A national Sunday newspaper has reported that the 68-year-old woman who was not terminally ill killed herself in 2006 with drugs she smuggled home from Mexico after seeking advice from Dr Nitschke.
Details of the Wellington woman's death have surfaced as Dr Nitschke, head of pressure group Exit International, arrived in New Zealand to hold suicide seminars in Auckland, Wellington, Nelson and Christchurch.
Right to Life spokesman Ken Orr told the newspaper he was appalled at the woman's death and it was outrageous that Dr Nitschke was teaching people about getting drugs and getting away with it.
Dr Nitschke told the newspaper it was "arrogant and paternalistic" to review someone else's decision about when to die.
"You're not in her shoes.
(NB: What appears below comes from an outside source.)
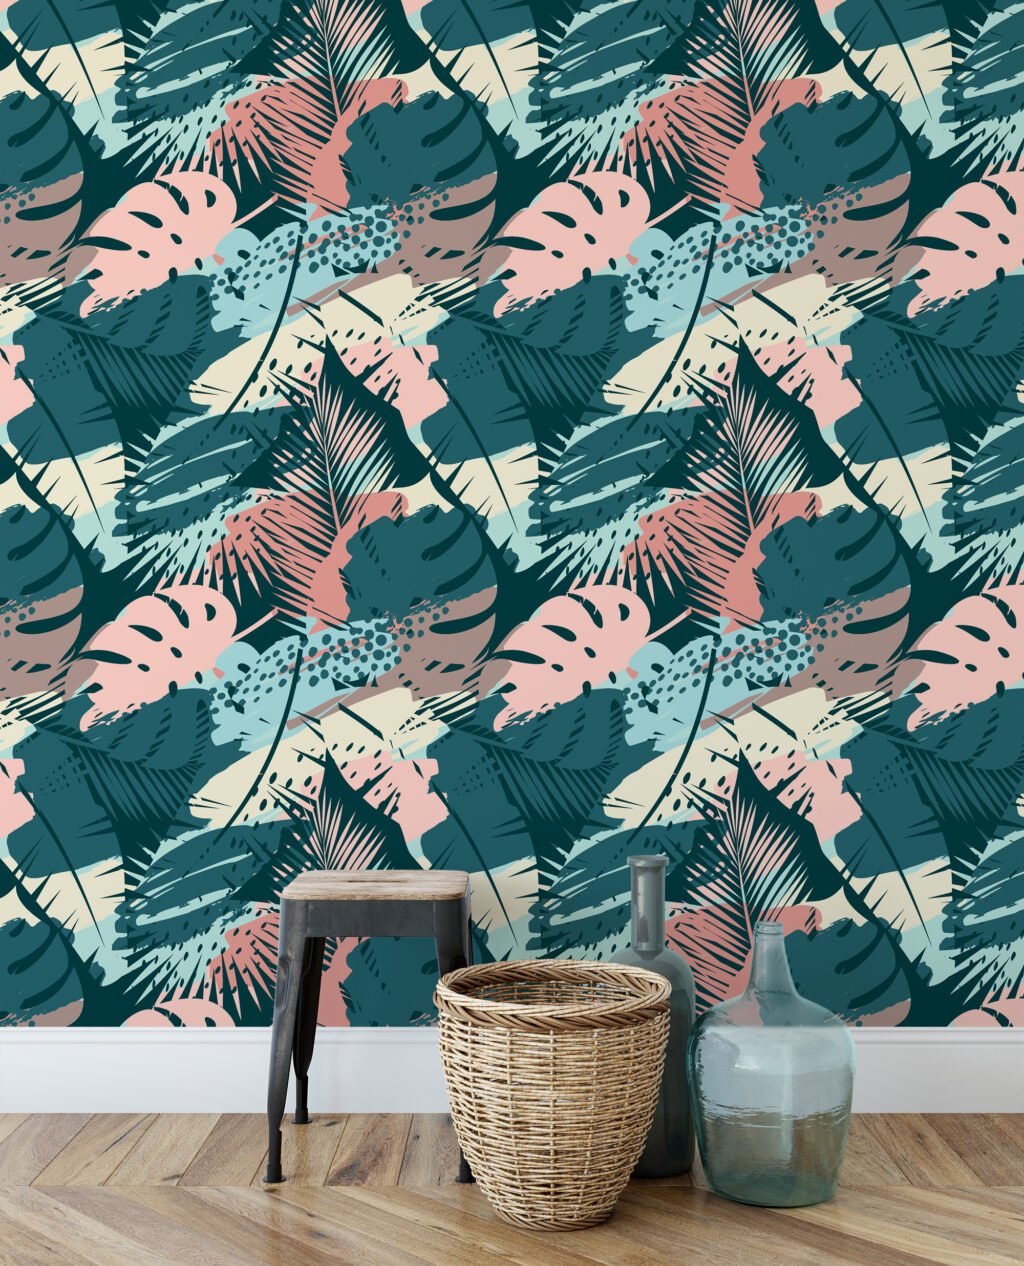 Botanik Siluet Tropikal Duvar Kağıdı, Şık Monstera Yaprak Desenli 3D Duvar Posteri Tropikal Duvar Kağıtları 5
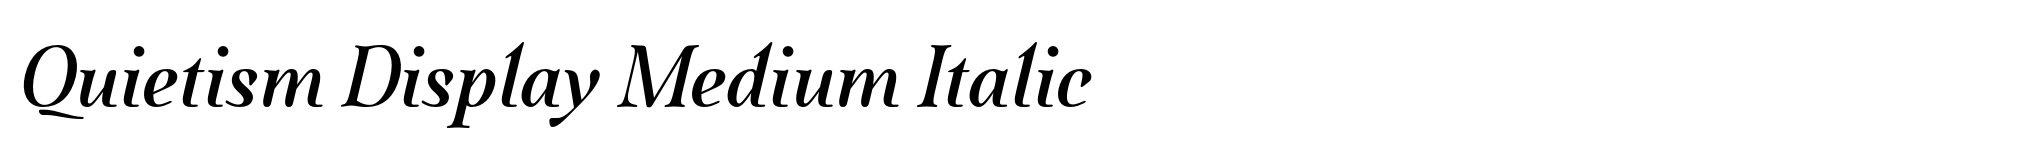 Quietism Display Medium Italic image

She obviously made an assessment and decided her life was not worth living any more. You can't simply look at the medical records."
However, he admitted most people found euthanasia more palatable for severely ill patients.
"I don't doubt if we had prevented her to have access to do what she did, she would have gone and done it in a far more common way."
Fifteen New Zealanders have travelled to Mexico on Exit International tours to buy the class C drug, which is illegal to import or possess in New Zealand without proper authority, and others have gone independently.
The woman, 68, was a life member of Exit International and one of its earliest members.
"She joined the organisation not because she was unwell but because she was a person who wanted control," Dr Nitschke said.
The woman suffered osteoarthritis, high blood pressure, type-2 diabetes and an underactive thyroid, called hypothyroidism. She was also on medication for depression for about nine months, which her doctor attributed to her husband's death about five years earlier.
She asked Dr Nitschke for advice about buying the drug in Mexico. Dr Nitschke said he sent her photographs telling her what shops to buy from and what to buy.
The woman was found dead in her inner Wellington apartment on March 26, 2006.
Mr Orr said Dr Nitschke gave advice to a woman who was not in a stable frame of mind and should be held partly responsible for her death.